Here's what seems like another very R-type way to generate the sums. Generate a vector that is as long as your input vector, containing nothing but the repeated sum of n elements. Then, subtract your original vector from the sums vector. The result: a vector (isums) where each entry is your original vector less the ith element.

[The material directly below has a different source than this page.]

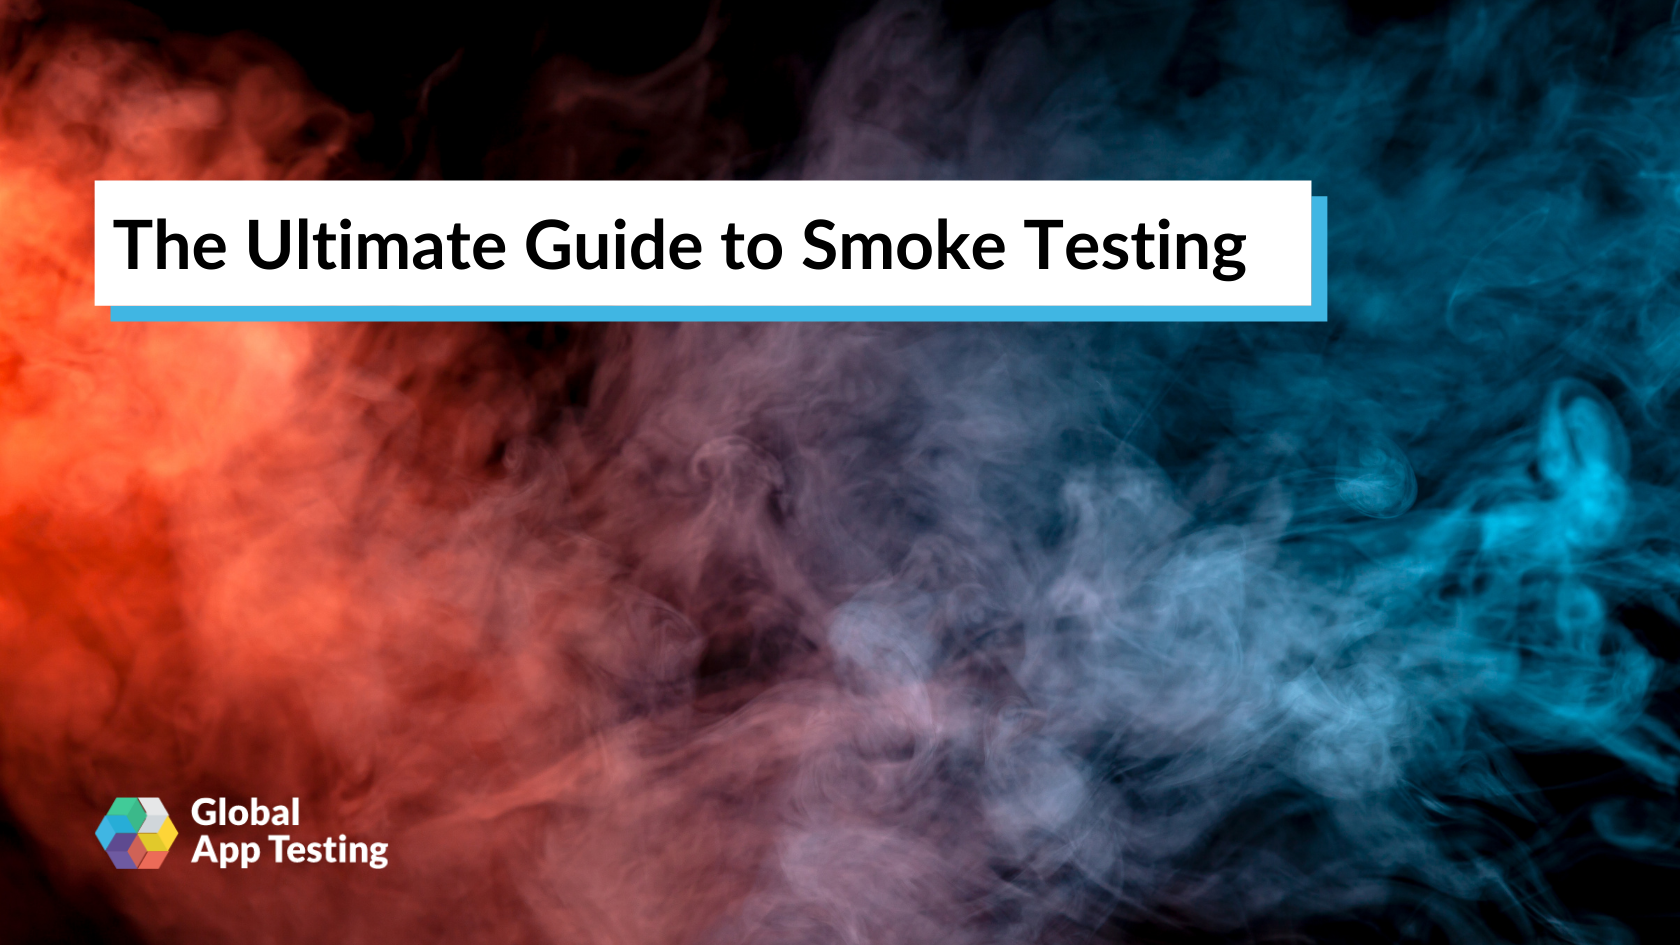 Đang tìm kiếm những kiến thức về kiểm thử khói? Hình ảnh liên quan sẽ giúp bạn nhìn rõ hơn về quy trình này, giúp bạn nâng cao kỹ năng của mình.

> (my.data$item[my.data$fixed==0])
[1] 1 1 3 5 7
> sums <- rep(sum(my.data$item[my.data$fixed==0]),length(my.data$item[my.data$fixed==0]))
> sums
[1] 17 17 17 17 17
> isums <- sums - (my.data$item[my.data$fixed==0])
> isums
[1] 16 16 14 12 10
Strangely enough, learning to vectorize in R is what helped me get used to basic functional programming. A basic technique would be to define your operations inside the loop as a function:
data = ...;
items = ...;
leave_one_out = function(i) {
data1 = data[items != i];
delta = ...; # some operation on data1
return delta;
}
for (j in items) {
delta.list = cbind(delta.list, leave_one_out(j));
}
To vectorize, all you do is replace the for loop with the sapply mapping function:
delta.list = sapply(items, leave_one_out);
This is no answer, but I wonder if any insight lies in this direction:
> tapply((my.data$item[my.data$fixed==0])[-1], my.data$year[my.data$fixed==0][-1], sum)
tapply produces a table of statistics (sums, in this case; the third argument) grouped by the parameter given as the second argument. For example
2001 2003 2005 2007
1 3 5 7
The [-1] notation drops observation (row) one from the selected rows. So, you could loop and use [-i] on each loop
for (i in 1:length(my.data$item)) {
tapply((my.data$item[my.data$fixed==0])[-i], my.data$year[my.data$fixed==0][-i], sum)
}
keeping in mind that if you have any years with only 1 observation, then the tables returned by the successive tapply calls won't have the same number of columns. (i.e., if you drop out the only observation for 2001, then 2003, 2005, and 2007 would be te only columns returned).